Use an environment variable to set different incoming paths for dev, test, and prod:

metadata/env.dev.sl.yml
incoming_path: /data/dev/incoming
metadata/env.prod.sl.yml
incoming_path: /data/prod/incoming
metadata/application.sl.yml
application:
area:
incoming: "{{incoming_path}}"

The {{incoming_path}} placeholder is resolved at runtime from the active environment file.

Domain Configuration (_config.sl.yml)

Each domain needs a configuration file that tells the load command where to find incoming files. Create a _config.sl.yml file under metadata/load/<domain>/:

metadata/load/starbake/_config.sl.yml
load:
metadata:
directory: "{{incoming_path}}/starbake"

The {{incoming_path}} variable is resolved from the environment file (metadata/env.sl.yml or metadata/env.<env>.sl.yml). This means all files for the starbake domain are loaded from this directory.

Since the directory is set at the domain level, all tables within this domain share the same incoming path.

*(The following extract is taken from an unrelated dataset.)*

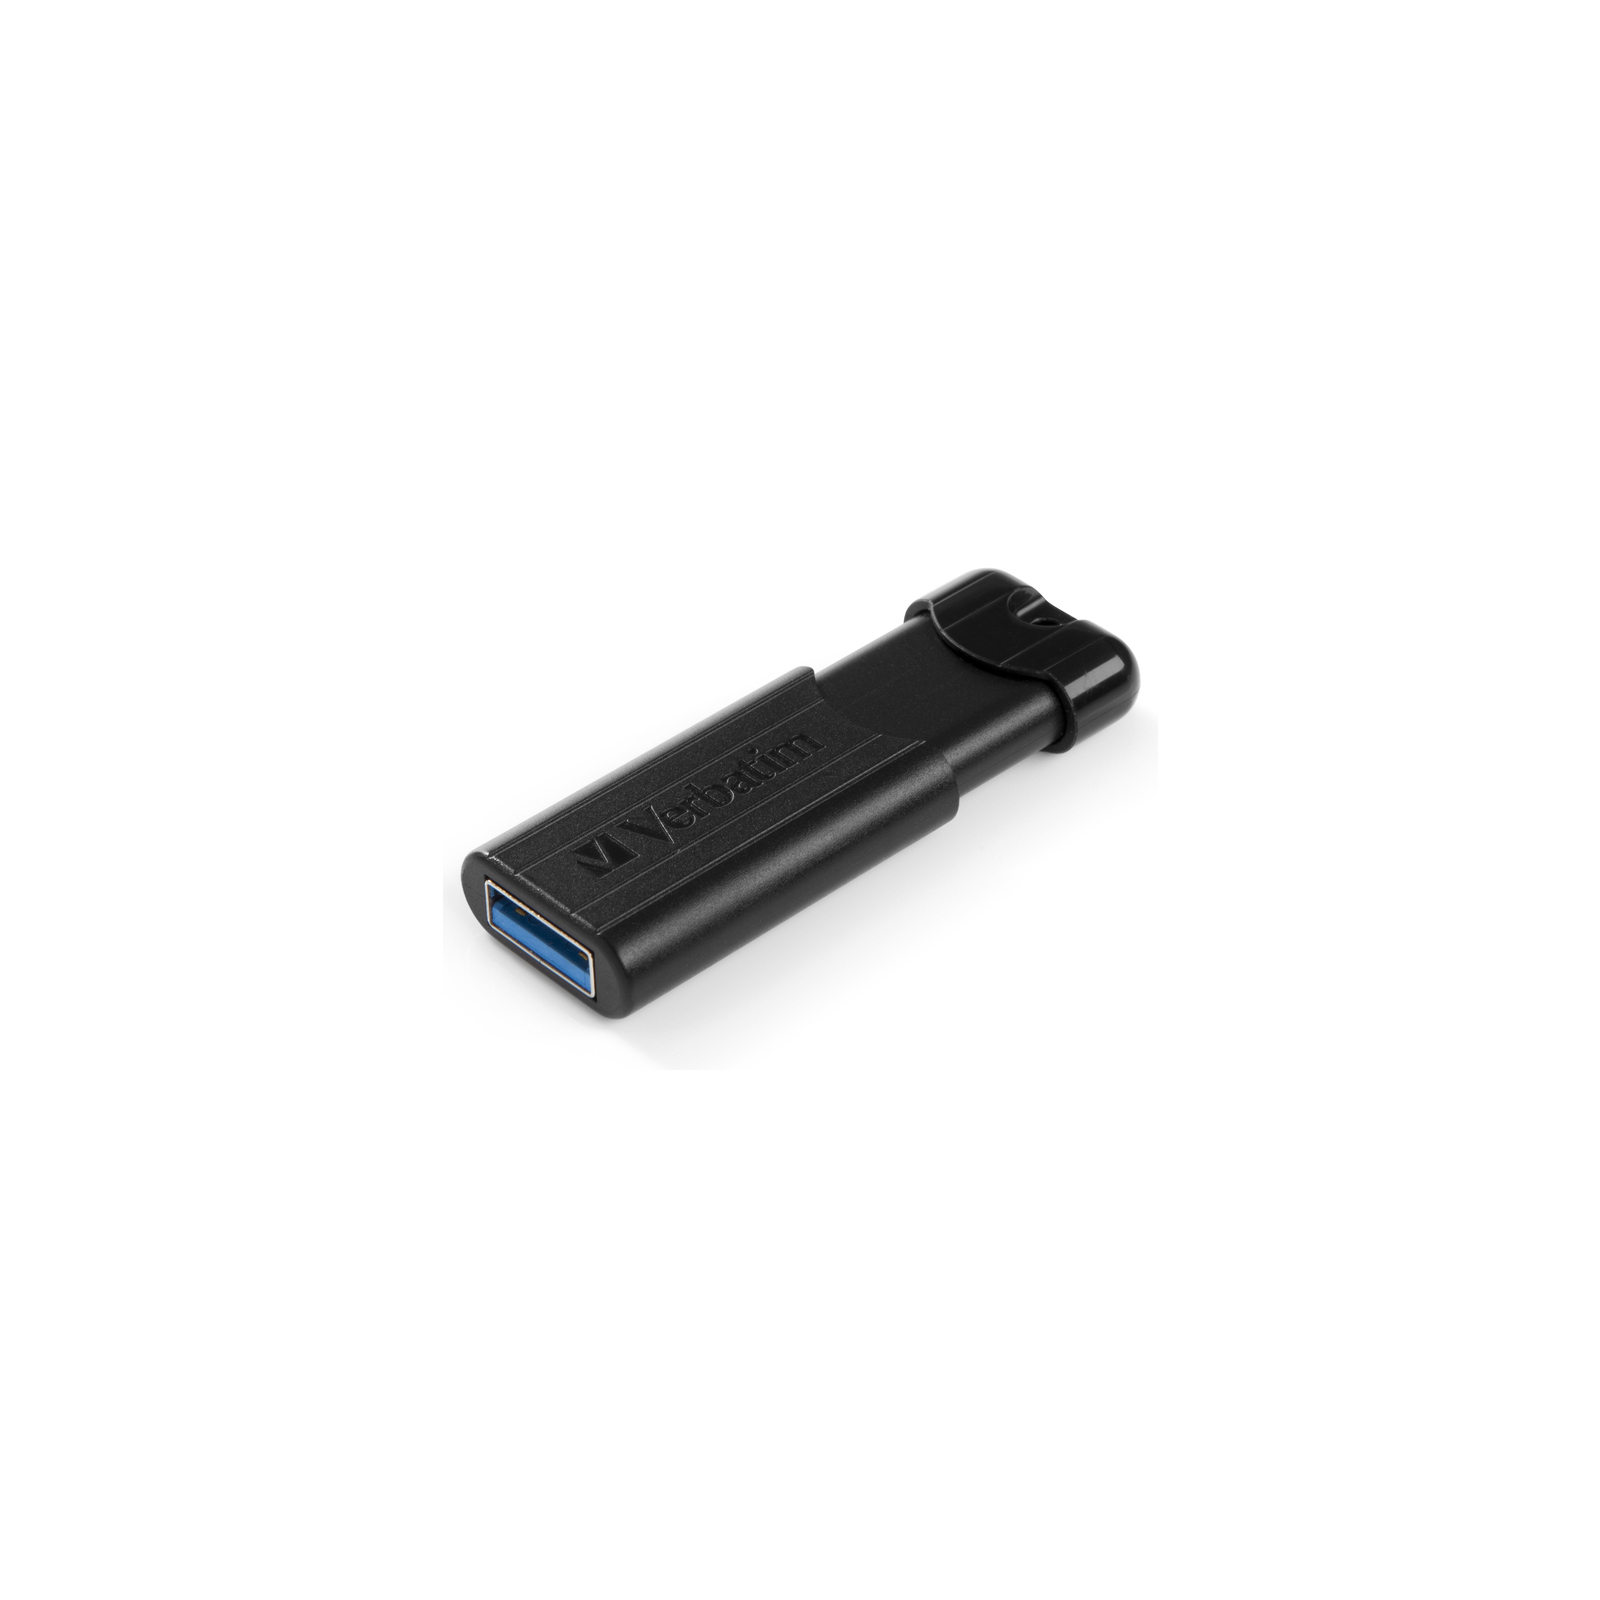 USB флеш накопитель Verbatim 256GB PinStripe Black USB 3.0 (49320) изображение 3

Table Configuration by File Format

Each table requires a <table>.sl.yml file that defines the file pattern, format, separator, and attribute schema. Configuration differs by file format:

Running the Load Command

After configuring domain and table YAML files, run the load command:

starlake load

Starlake processes all domains and tables, matching files in each domain's configured directory against the file patterns defined in each table's .sl.yml file. The load strategy controls the order in which files are processed.

Frequently Asked Questions

When should I use manual load instead of autoload?

Use manual load when your files have a multi-character separator that autoload cannot detect, or when your files are not stored in the standard incoming/<domain>/ directory structure.

How do I set a custom incoming directory in Starlake?

Set the application.area.incoming property in metadata/application.sl.yml. You can use an environment variable (e.g., {{incoming_path}}) and define its value per environment in metadata/env.<env>.sl.yml.

Can I use different incoming paths for dev, test, and prod?

Yes. Define the incoming_path variable in environment-specific files such as metadata/env.dev.sl.yml and reference it with {{incoming_path}} in application.sl.yml.

What is a domain configuration file in Starlake?

The _config.sl.yml file under metadata/load/<domain>/ defines domain-level settings, including the directory where the load command looks for incoming files.

What file formats are supported for manual load?

Manual load supports CSV/DSV, JSON, XML, and fixed-width (positional) files. Each format has its own configuration page with parsing options.